Status check results are
  • Create a new emojivoto-ingress.yaml file and add the following YAML content (see Linkerd’s ingress task documentation for the ngrok example). It defines the ngrok Kubernetes Operator for routing traffic on your NGROK_DOMAIN to the web-svc deployment you created when deploying Emojivoto.
    Edit line 9 of the manifest below (the NGROK_DOMAIN variable) with your ngrok subdomain (for example, one-two-three.ngrok.app).
    showLineNumbers
    apiVersion: networking.k8s.io/v1
kind: Ingress
metadata:
  name: emojivoto-ingress
  namespace: emojivoto
spec:
  ingressClassName: ngrok
  rules:
    - host: <NGROK_DOMAIN>
      http:
        paths:
          - path: /
            pathType: Prefix
            backend:
              service:
                name: web-svc
                port:
                  number: 80
  • Apply the emojivoto-ingress.yaml manifest you just created. 
    kubectl apply -f emojivoto-ingress.yaml
    Give your cluster a few moments to launch the necessary resources and for ngrok’s cloud service to pick up the new tunnel.
    Troubleshooting: If you see an error when applying the manifest, double-check that you’ve updated the NGROK_DOMAIN value and try again.
  • Access your Emojivoto application by navigating to your ngrok domain (for example, https://one-two-three.ngrok.app) in your browser.

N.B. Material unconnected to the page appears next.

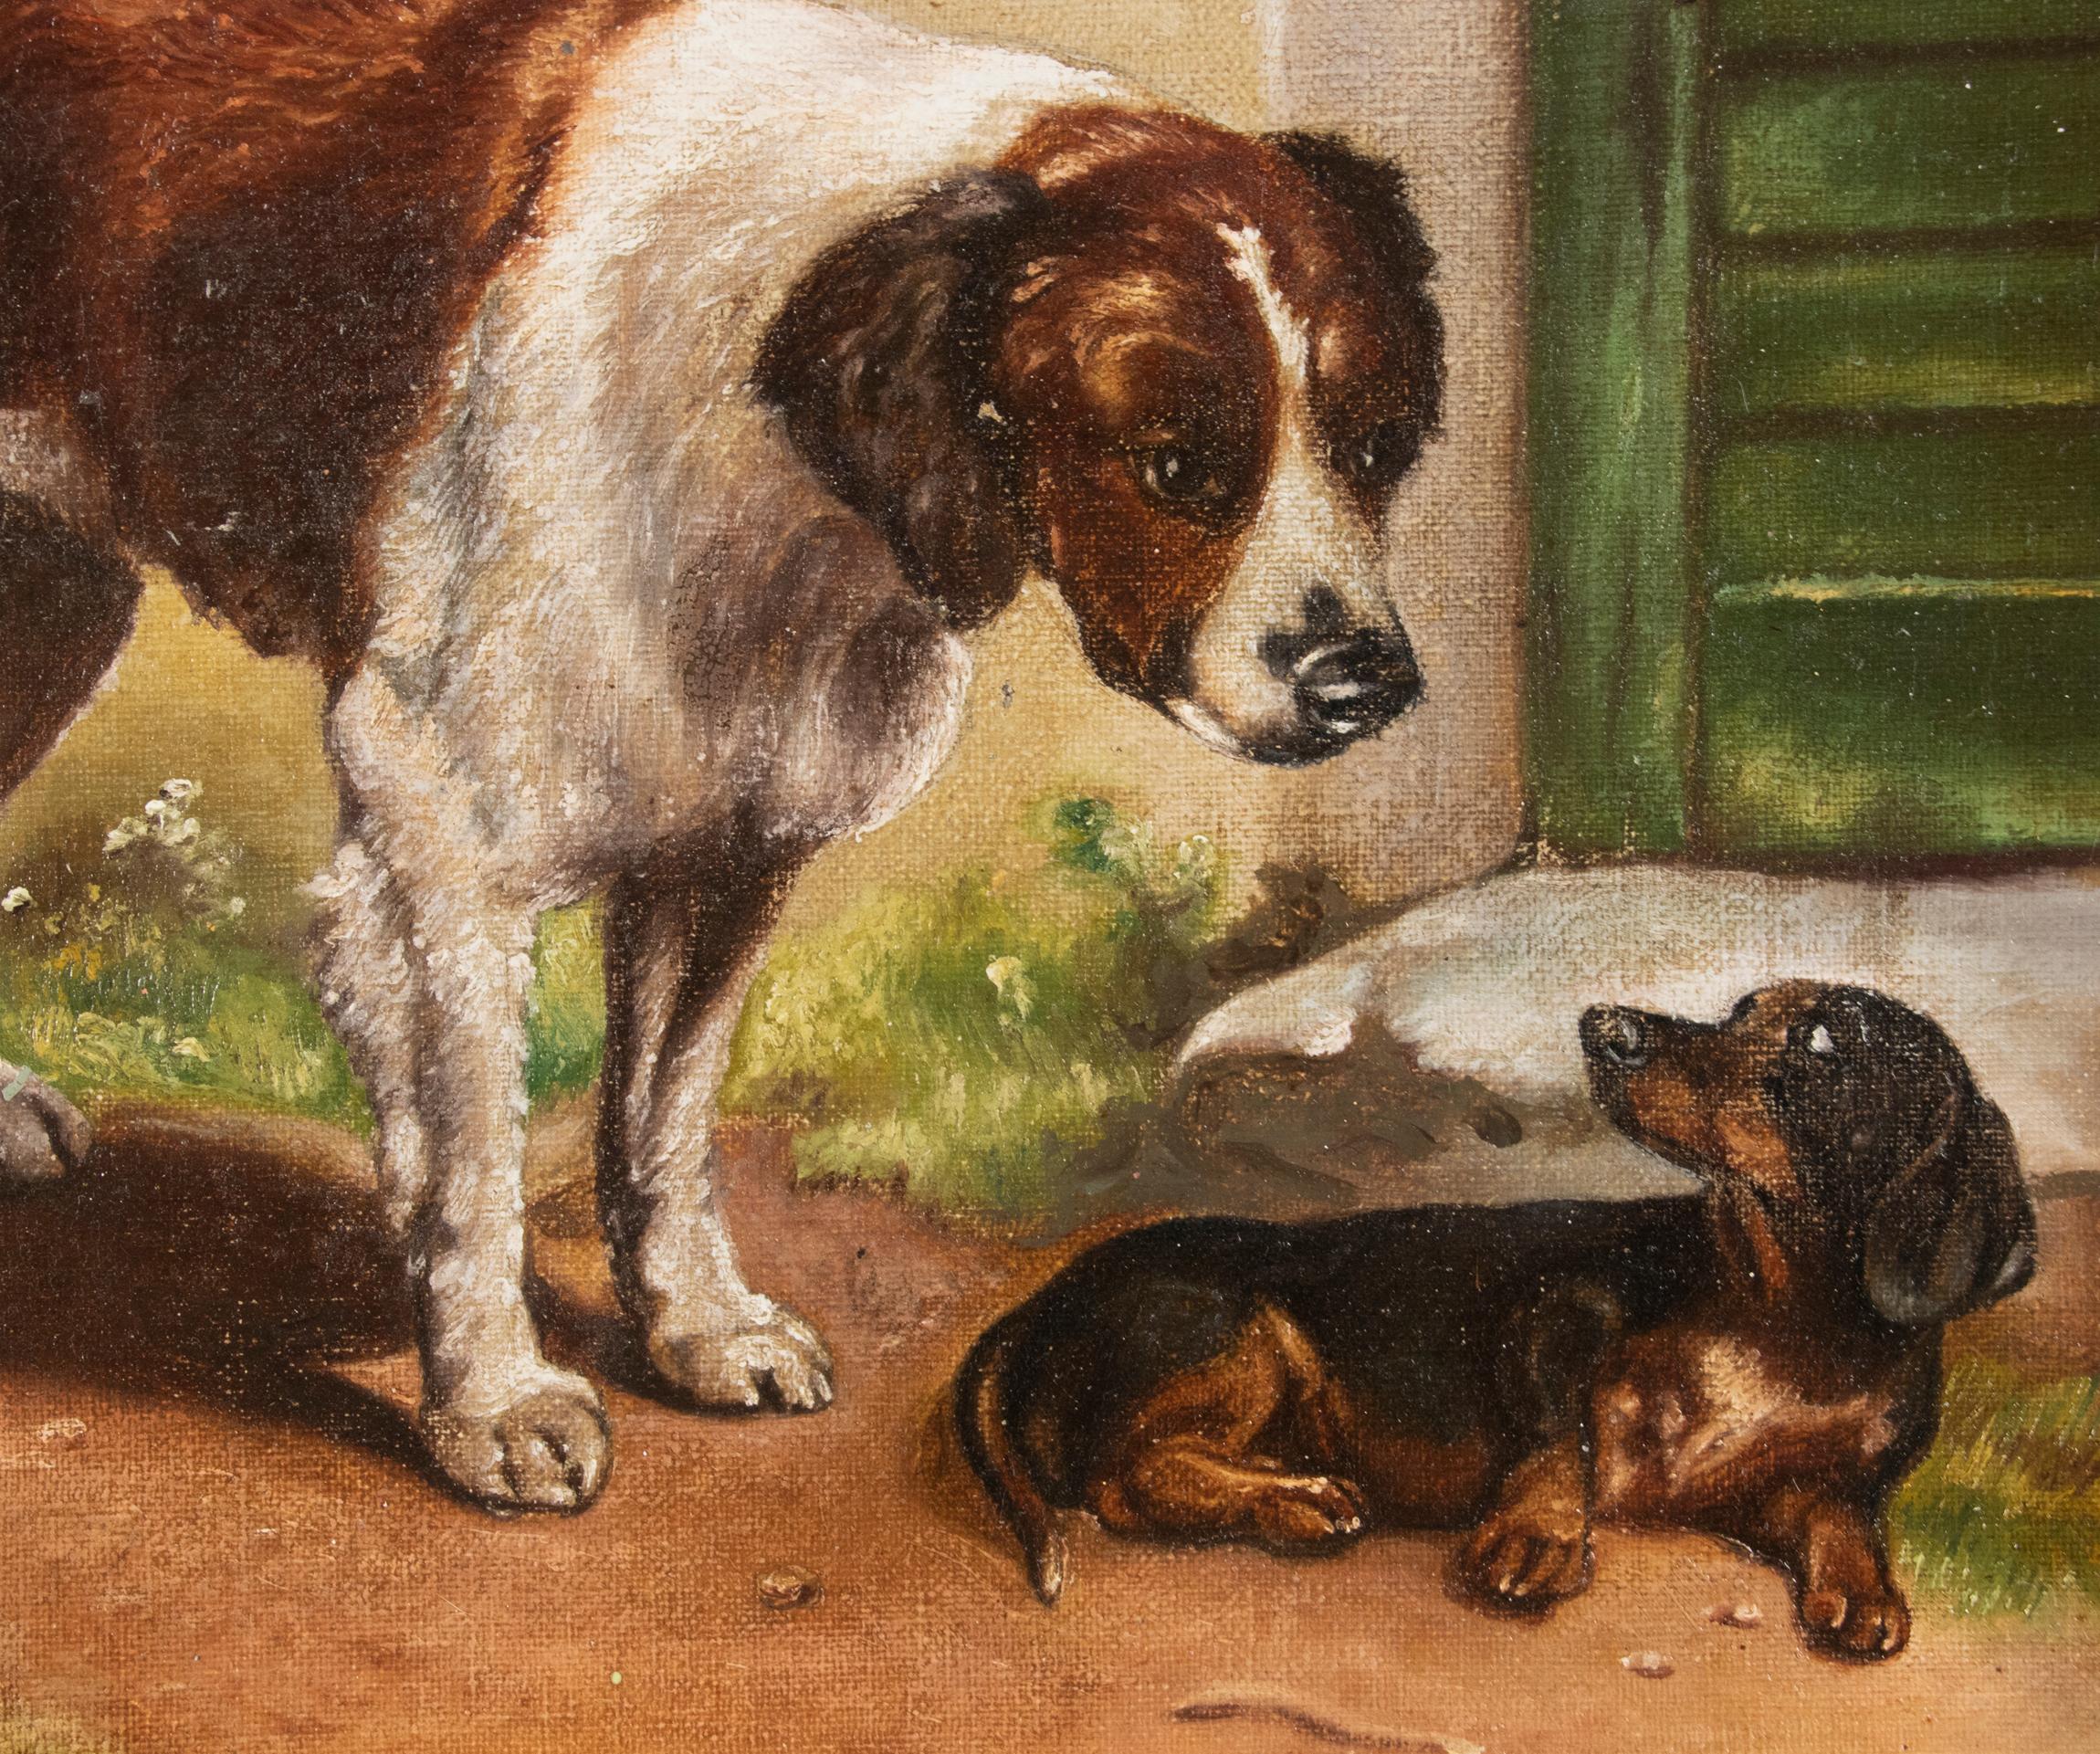 Hand-Painted Antique Belgium Oil Painting Border Collie and a Dachshund Dog, A van de Venne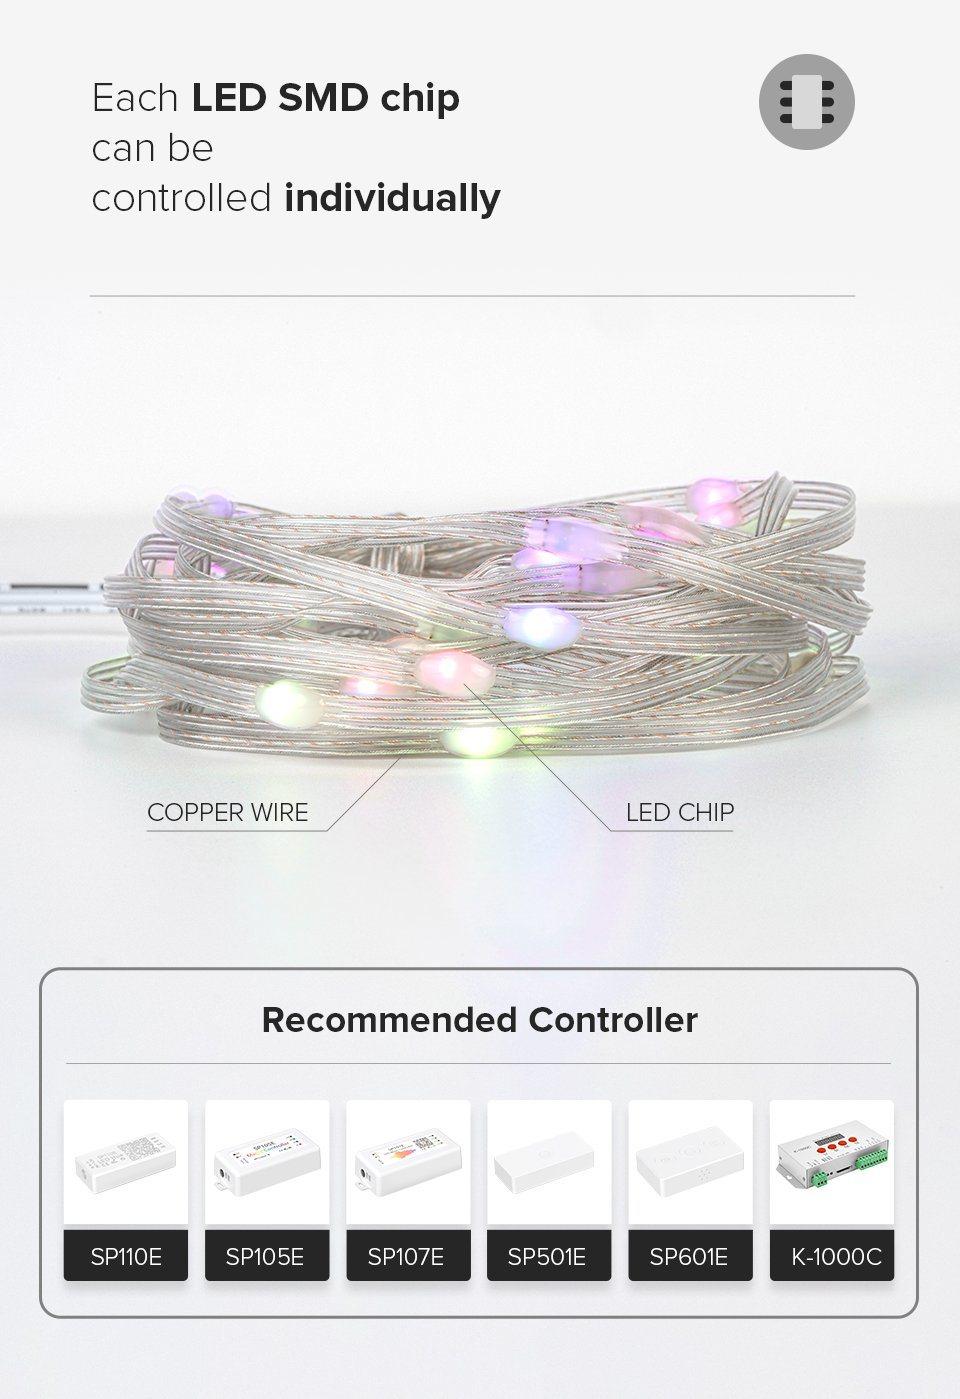 Waterproof LED Solar Copper Wire Christmas Tree Lights Holiday Lighting Star Fairy String Lights Outdoor Garden Decoration

Add Linkerd’s dashboard to verify meshing and mTLS

Given that one of the key benefits of a service mesh is increased observability, and the inherent security enhancements that come from mTLS connections between your microservices, you’ll want to double-check that your deployments and pods are properly meshed.
  • Install the Linkerd dashboard. 
    linkerd viz install | kubectl apply -f -
  • To verify mTLS, restart all pods in the emojivoto namespace to enable tapping. 
    kubectl -n emojivoto rollout restart deploy
  • Use Linkerd’s tap feature: run linkerd viz -n emojivoto tap deploy to stream traffic from all pods in the emojivoto namespace to your terminal. The Emojivoto app generates traffic automatically, so you’ll see a consistent stream of requests. 
    linkerd viz -n emojivoto tap deploy
...
req id=0:11 proxy=out src=10.244.0.15:43706 dst=10.244.0.2:8080 tls=true :method=POST :authority=emoji-svc.emojivoto:8080 :path=/emojivoto.v1.EmojiService/ListAll
    You should see tls=true in all of these requests between these pods. You can also use kubectl get pods -o wide to see the IP address of each pod, which lets you verify the source and destination of each request. For example, the request shown above is the web-svc service sending a POST request, with mTLS enabled, to the emoji-svc service, which maintains and stores the votes database.
  • Run linkerd viz dashboard & to open the Linkerd dashboard in your browser. The default dashboard shows golden metrics (success rates, traffic, latencies per namespace) and the number of meshed pods per namespace. Some of the auto-generated traffic is designed to fail, which shows how to use the dashboard to debug pod-to-pod issues.

What’s next?

You’ve now integrated a demo microservices application with Linkerd’s service mesh and ngrok’s Kubernetes Operator to add multiple new layers of security and reliability without having to worry about configuring middleware, network interfaces, mTLS, or deploying new monitoring services for observing the external behavior of your code. After deploying this local demo, you have a few options for moving forward.

Clean up

To clean up from the work you’ve done for this local demo, you can stop and delete your minikube cluster with the minikube CLI: 
minikube stop -p ngrok-linkerd
minikube delete -p ngrok-linkerd
Then remove the Linkerd CLI from your local workstation: 
rm -rf $HOME/.linkerd2

Extend your ngrok Kubernetes Operator and Linkerd integration

For production and real-world applications, explore installing Linkerd with Helm and production runbooks. In more complex scenarios, you can follow the same steps to install the ngrok Kubernetes Operator and configure an Ingress so ngrok’s cloud service handles routing and middleware for simplicity, global load balancing, and automatic encryption. See the ngrok Kubernetes Operator GitHub repository and project documentation for more details.